Scaling a design system is hard. Scaling one without a dedicated team, across two departments, four different teams, and reporting lines that stretch up to two directors and a VP — while the company around you is navigating one of the most turbulent stretches in aviation history — is a different kind of hard.
That's where I've been living for the past few years.
The challenges came in threes. Getting native engineering to buy in. Finding budget and headcount in a difficult environment. And building the tooling infrastructure — component inventory, documentation, living style guide — the operational bits that determine whether a system scales.
None of these are fully solved. I want to be honest about that.

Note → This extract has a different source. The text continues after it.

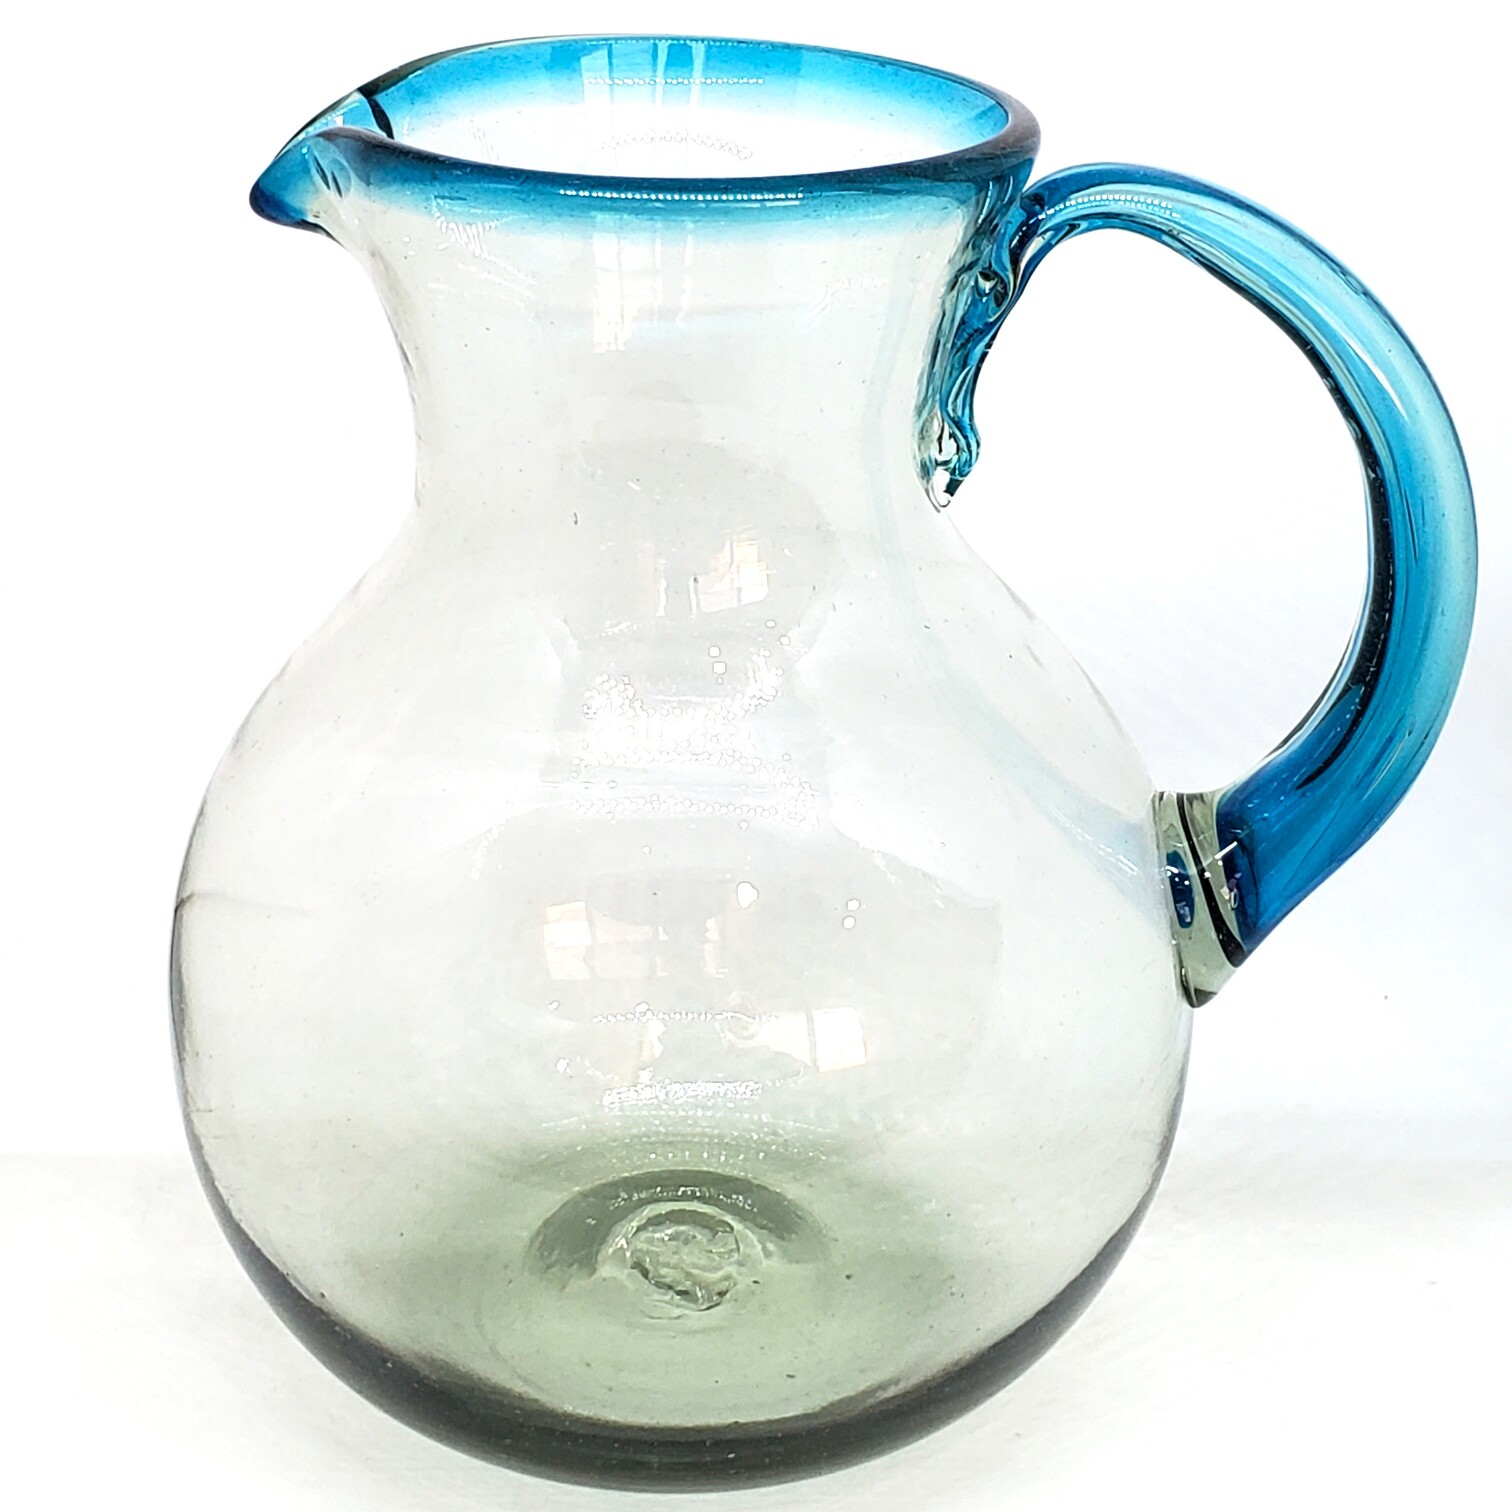 Novedades / Jarra de vidrio soplado con borde azul aqua / �sta moderna jarra viene decorada con un borde en azul aqua.

Southwest faced serious headwinds — operational crises, investor pressure, business model shifts, and the first layoffs in company history. In that environment, securing resources for a program that lives between departments, without a clean org chart line, was consistently an uphill conversation.
A design system isn't just a technical challenge. It's an organizational one.
The components are the easy part. The hard part is alignment — getting the right people pointed in the same direction, across teams with different priorities, timelines, and definitions of done.
But this year feels different. Efficiency is at the top of leadership's agenda. I have a new leader who gets it. And for the first time, I have the organizational momentum to right-size the program — solidify the foundation, build the tools we've always needed, and turn what has been an exceptionally resilient grassroots effort into something that scales.
The system survived things it probably shouldn't have. Now it's time to let it thrive.